In the local news, David Rogers, a former local weatherman, apparently ran over some construction workers.

About a month ago, the wife of another local weatherman, Dick Goddard, apparently attacked her husband. Now she may be undergoing court mandated counseling.

I can understand why the David Rogers story has been all over the news. From a local perspective, it’s not often that somebody commits an act such as the one he is alleged to have done. But what about the case for Dick Goddard?

Dick Goddard was involved in a domestic dispute. Unfortunately, physical violence in domestic disputes is not that uncommon. As a child, we had a family at the end of our street that had the police out a few times a year. At our current home, we have one set of neighbors who can be heard arguing in the summertime, and the police have been called out once (in two years).

None of these other disputes made the news. Most of them didn’t even make the local paper. If they’re mentioned at all, it’s in the “police blotter” section of the weekly advertising paper. And those news entries simply read “A 42 year-old woman reported that her 46 year-old husband struck her during a domestic dispute. No arrests were made.” No names are given. The street or neighborhood isn’t even mentioned.

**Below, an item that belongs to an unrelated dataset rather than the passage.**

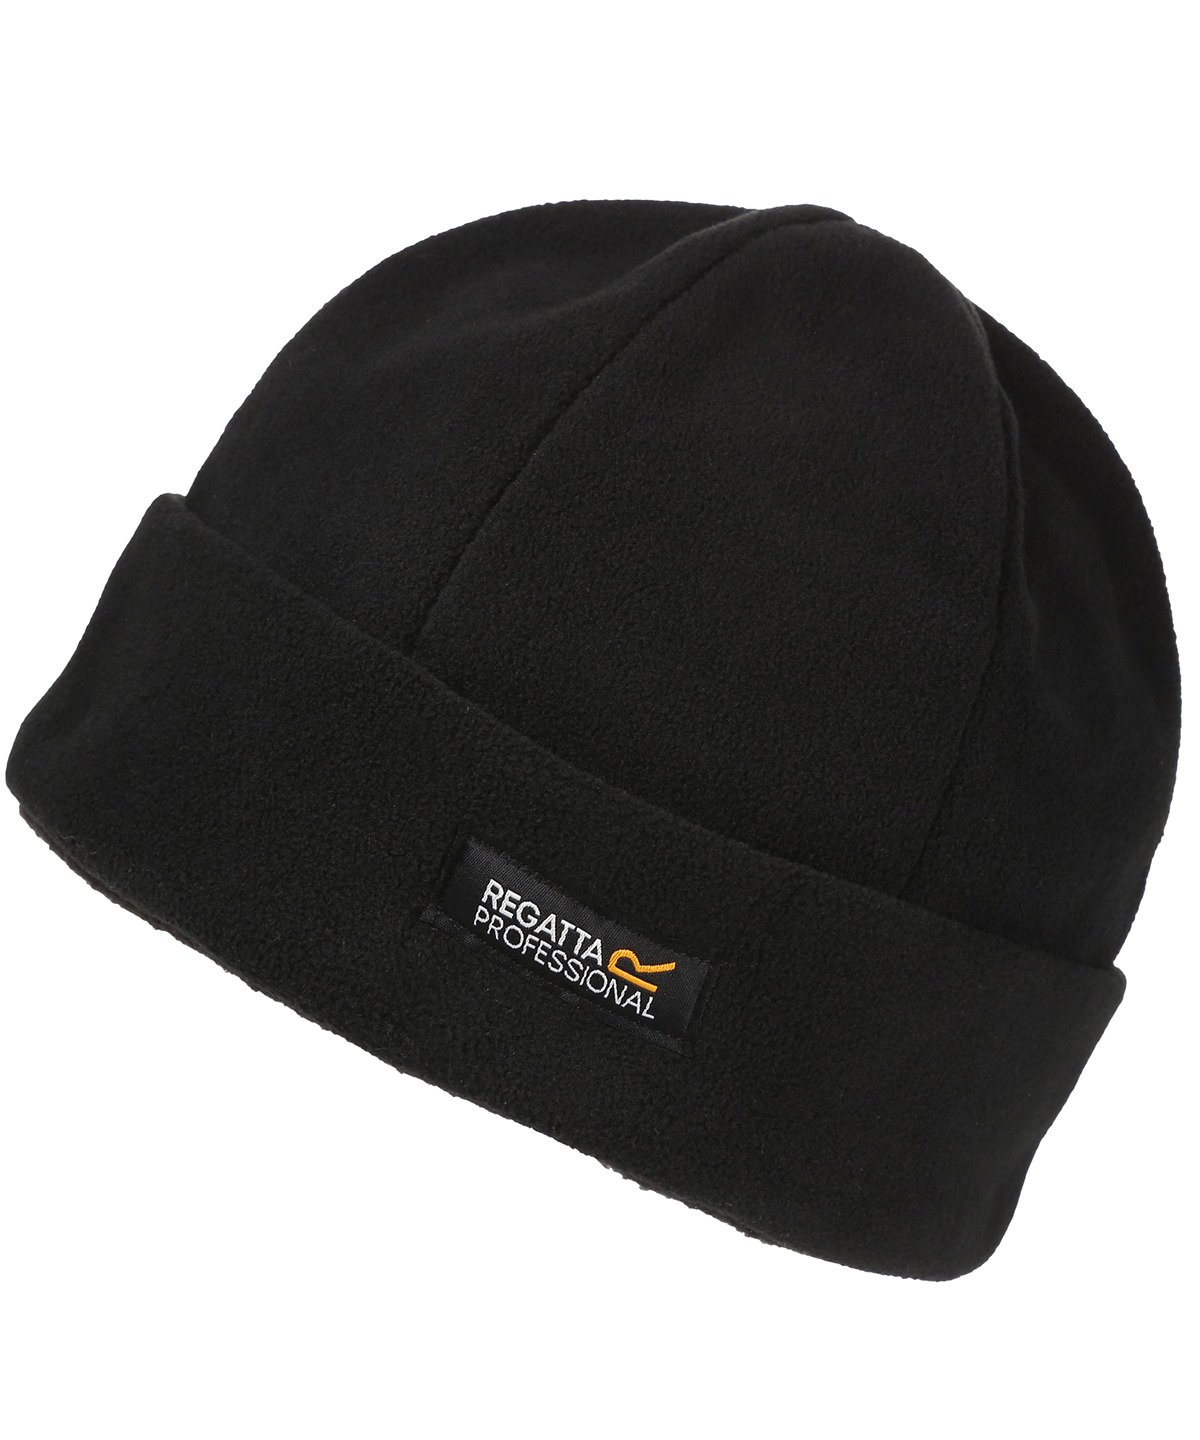 Pro docker hat - Corporatewear UK

As a rule, we respect the privacy of individuals, but not if they happen to be in the public eye. Dick Goddard is a local legend. He founded the “Wooly Bear Festival” in Vermilion, Ohio. He has been broadcasting the weather in Cleveland since 1966. He’s about as big a local personality as you can have.

But does this give the news media permission to make a big deal of an event that is relatively insignificant in the grand scheme of things — other than the fact it involved a celebrity? Dick Goddard was the victim in this case.

Julie Hilden wrote a brief discussion of celebrity privacy. I must say that I agree completely with her analysis of the issue.